SOURCE DATA:
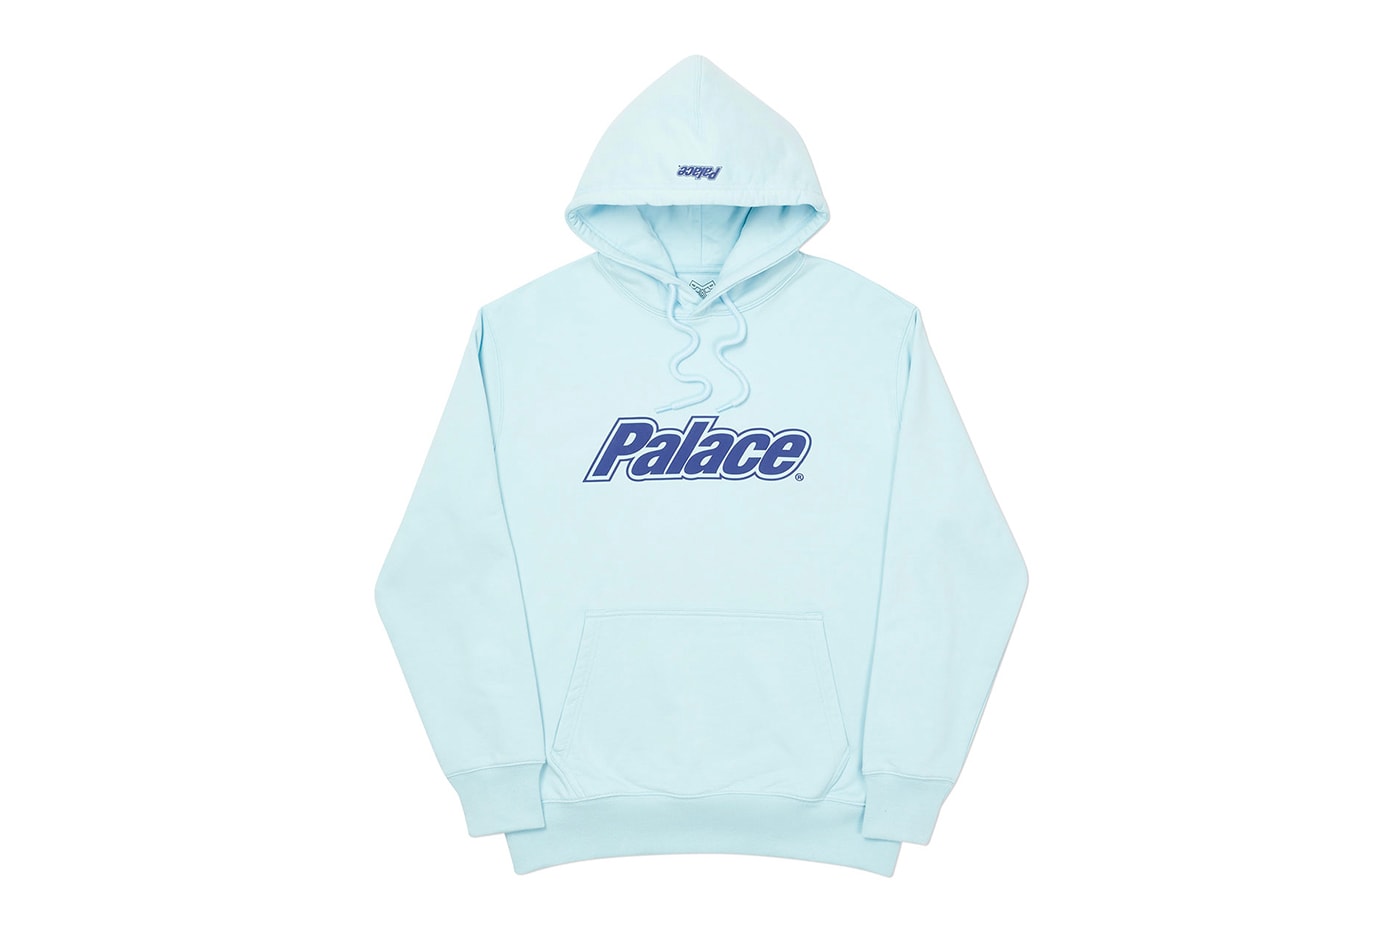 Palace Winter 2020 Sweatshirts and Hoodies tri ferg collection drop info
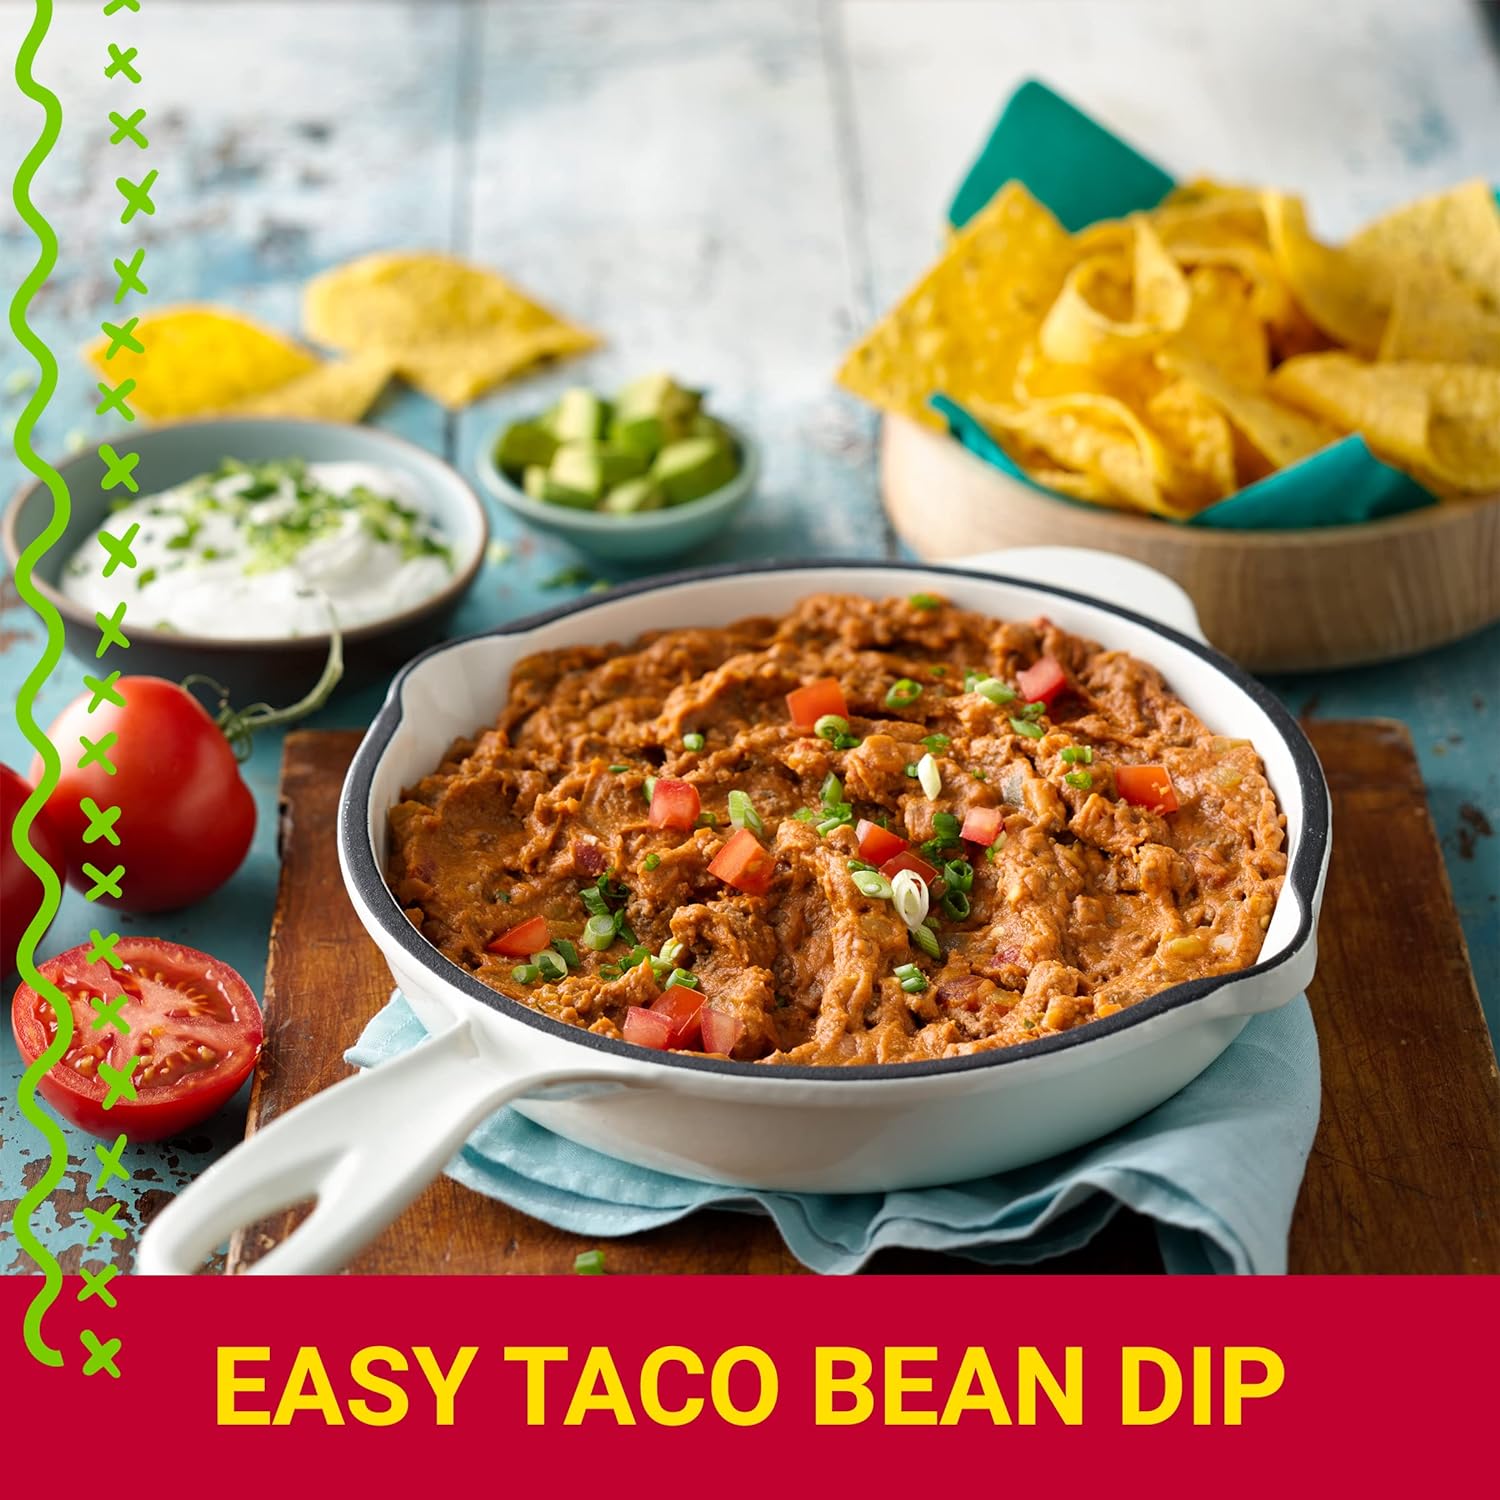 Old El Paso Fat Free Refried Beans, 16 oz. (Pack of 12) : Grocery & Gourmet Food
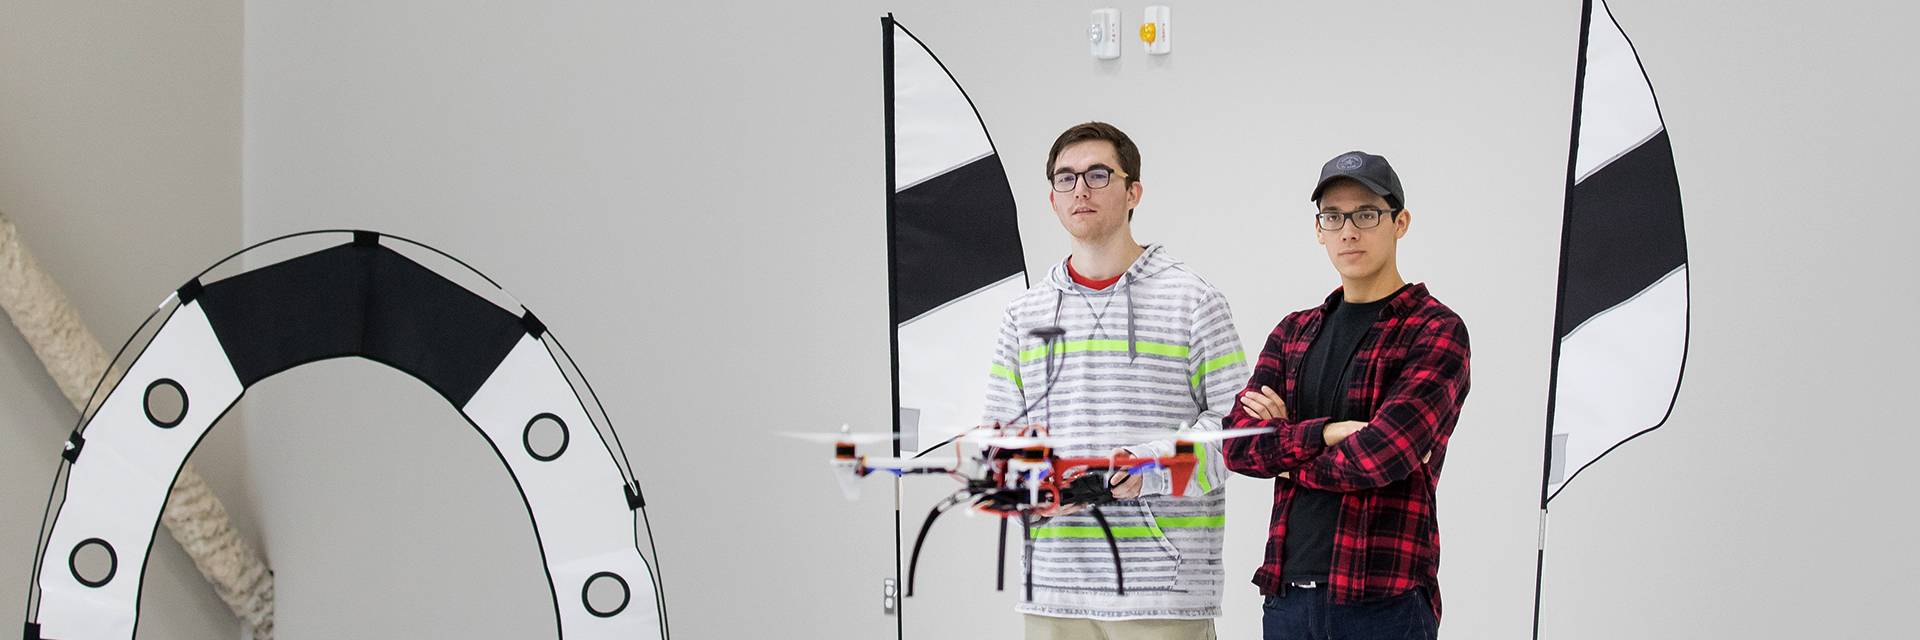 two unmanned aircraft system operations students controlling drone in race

WHAT NEEDS TO BE DONE: Could every line above be set down exactly, with the pictures omitted?

WRITTEN ANSWER:
 Palace Winter 2020 Sweatshirts and Hoodies tri ferg collection drop info
 Old El Paso Fat Free Refried Beans, 16 oz. (Pack of 12) : Grocery & Gourmet Food
 two unmanned aircraft system operations students controlling drone in race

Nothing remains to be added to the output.